# Coachman Waterworks Board Utilities Panel



## Deneen Whitaker

My husband and I bought a used 2009 Coachman Dream-catcher. The water manifold was busted - so we ordered a new one. Husband used old one to put all piping where it belongs. Unfortunately he did not mark where the 3 (I think) hoses connect to. He has everything back together but we can not get fresh water tank to fill so he assumes that he has it hooked up wrong. Does anyone have a Coachman with this type water control panel that could remove panel and take a picture of connections and emai to me so that we can get it put back together correctly?
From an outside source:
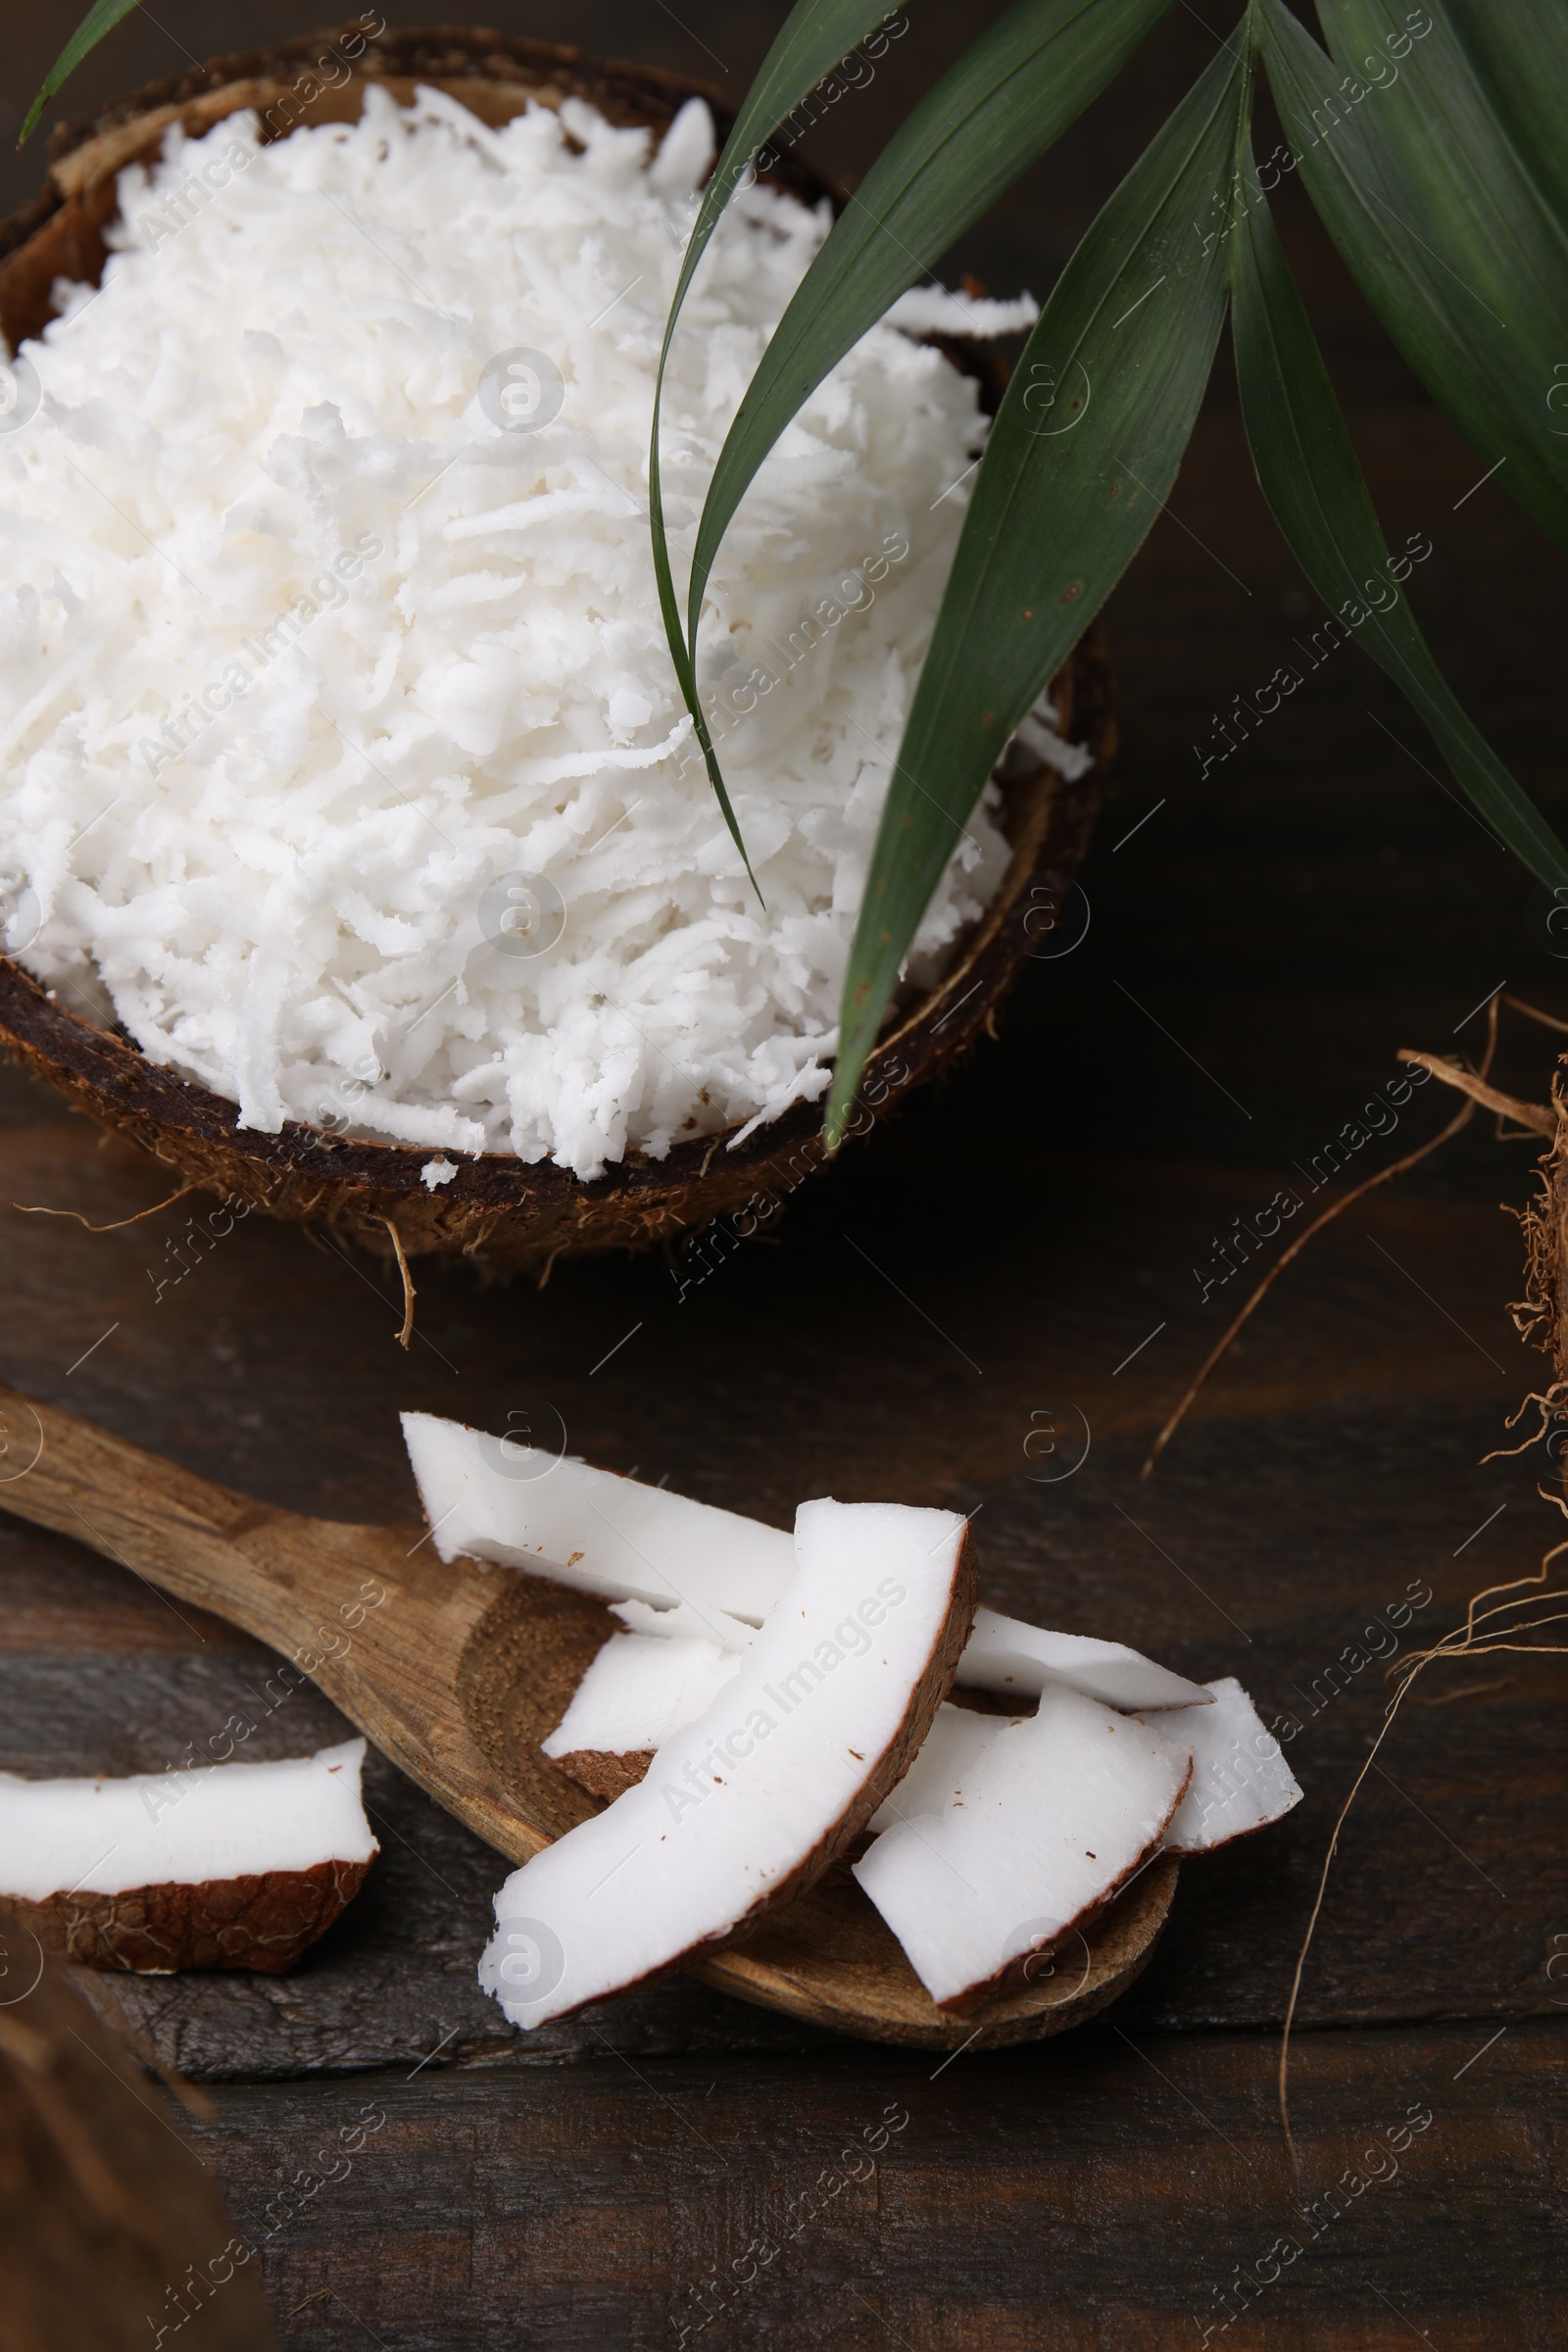 Photo of Coconut flakes, spoon, nut and palm leaf on wooden table

I have searched the web - no help.


----------



## C Nash

Sorry I don't have a Coachman so no help.  Is the water manifold you are speaking of a water valve?  Is it located where the shore water supply connects to the Coach?


----------



## Deneen Whitaker

It is where the water hose connects to the camper....it has several settings - like this - 


connects to back of this

I know he got all the connections back on valve correctly because it took them off old valve and put on new valve at same time - but there are 3 hoses that run from all the pipes that connect to valve then connect to other hoses in camper - one is the flush for black water tank - we is to run off city water - we assume the other is tank fill - but not matter how he connects it - we can  not get tank to fill.  That is our problem.  Not a problem as long as we have hook ups - but most of our camping will be at deer lease and we have no water supply - have to take it with us.  Any suggestions would help....


----------



## C Nash

Short of just tracing out where the water lines go I am no help.  Where does the water go when on fill?  Should be able to hear where it goes.  Do you have a place to fill the tank without going thru the valve.  I know my HR has the valve but also a fill door for fresh water tank.  Have you tried contacting Coachman?


----------



## Deneen Whitaker

I have not  found a separate tank fill other than just the one that goes through the valve.  I took your advice and found Coachman Website and sent them an email.  Maybe they will be able to help.  Thank you for trying to help!


----------



## C Nash

No problem Deneen just wish I could have been able to tell you exactly what to do


----------